Provided information:
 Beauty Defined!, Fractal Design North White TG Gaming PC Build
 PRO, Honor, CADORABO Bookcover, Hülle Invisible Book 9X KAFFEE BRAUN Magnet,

...

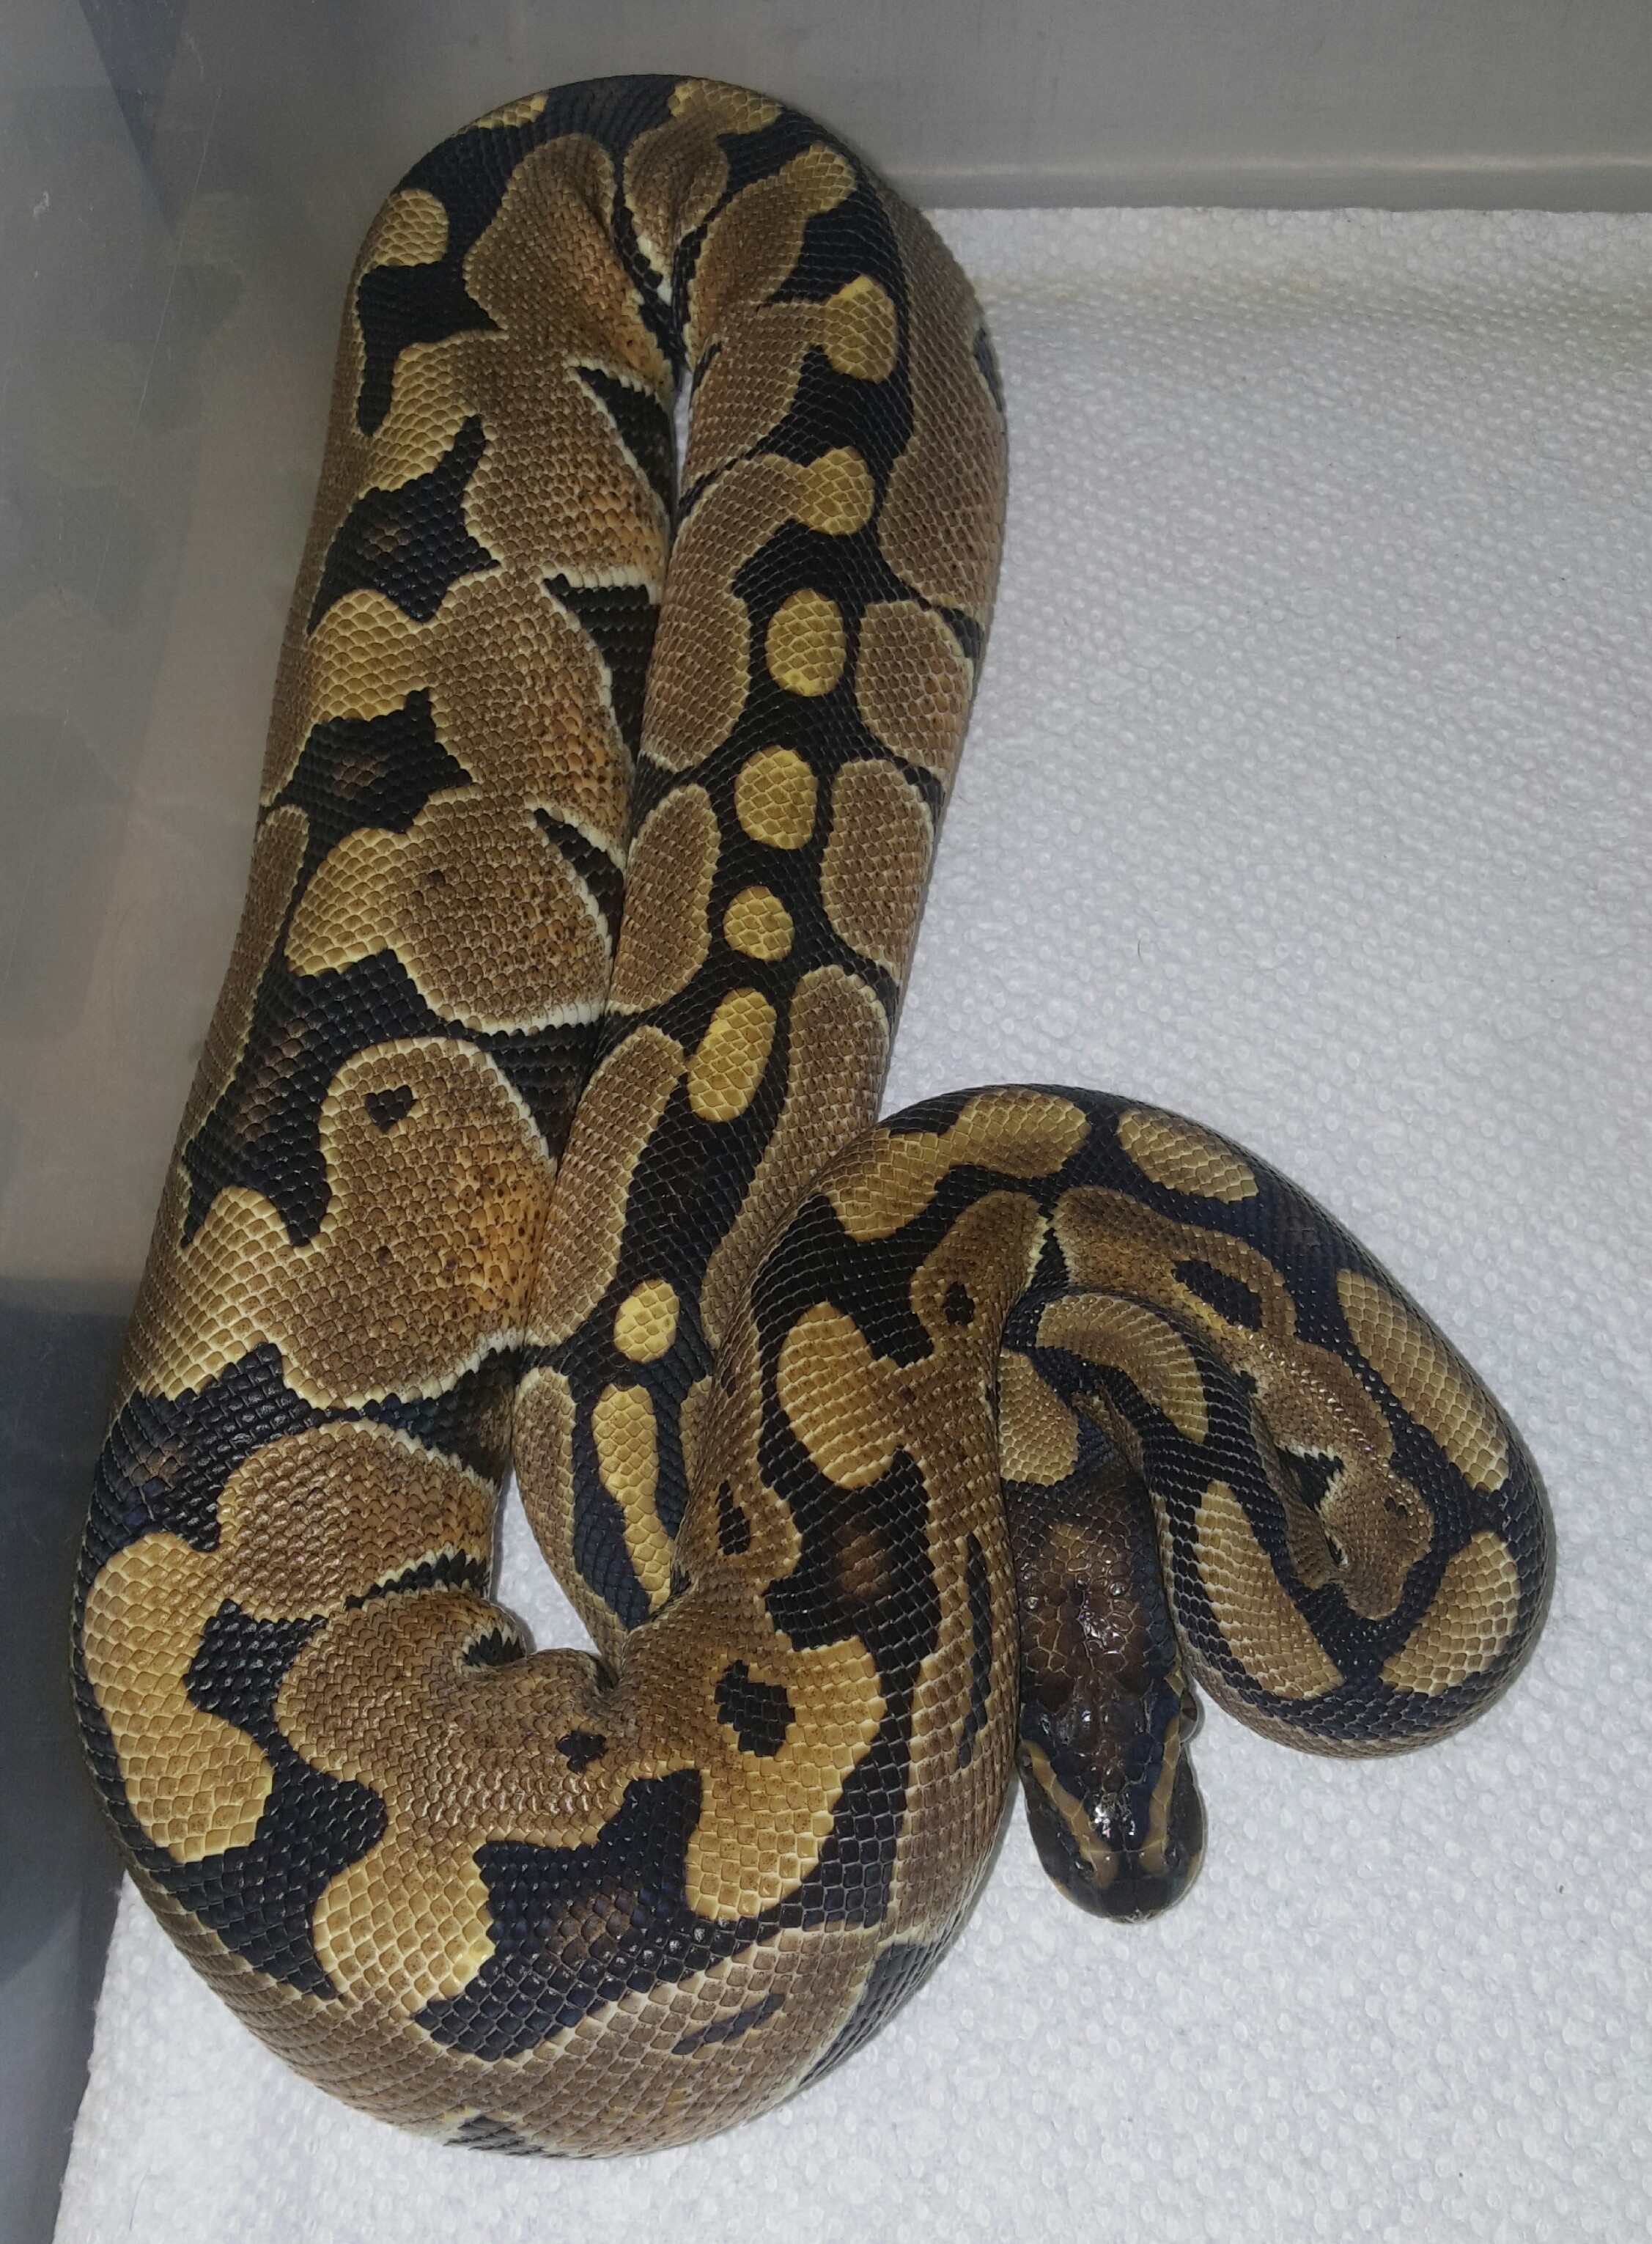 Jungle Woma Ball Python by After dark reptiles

Your instructions:
Produce only the lines from the line containing "Beauty Defined!, Fractal" through the line containing "PRO, Honor, CADORABO", inclusive of both, exactly as they stand in the entries above.

Result of this task:
 Beauty Defined!, Fractal Design North White TG Gaming PC Build
 PRO, Honor, CADORABO Bookcover, Hülle Invisible Book 9X KAFFEE BRAUN Magnet,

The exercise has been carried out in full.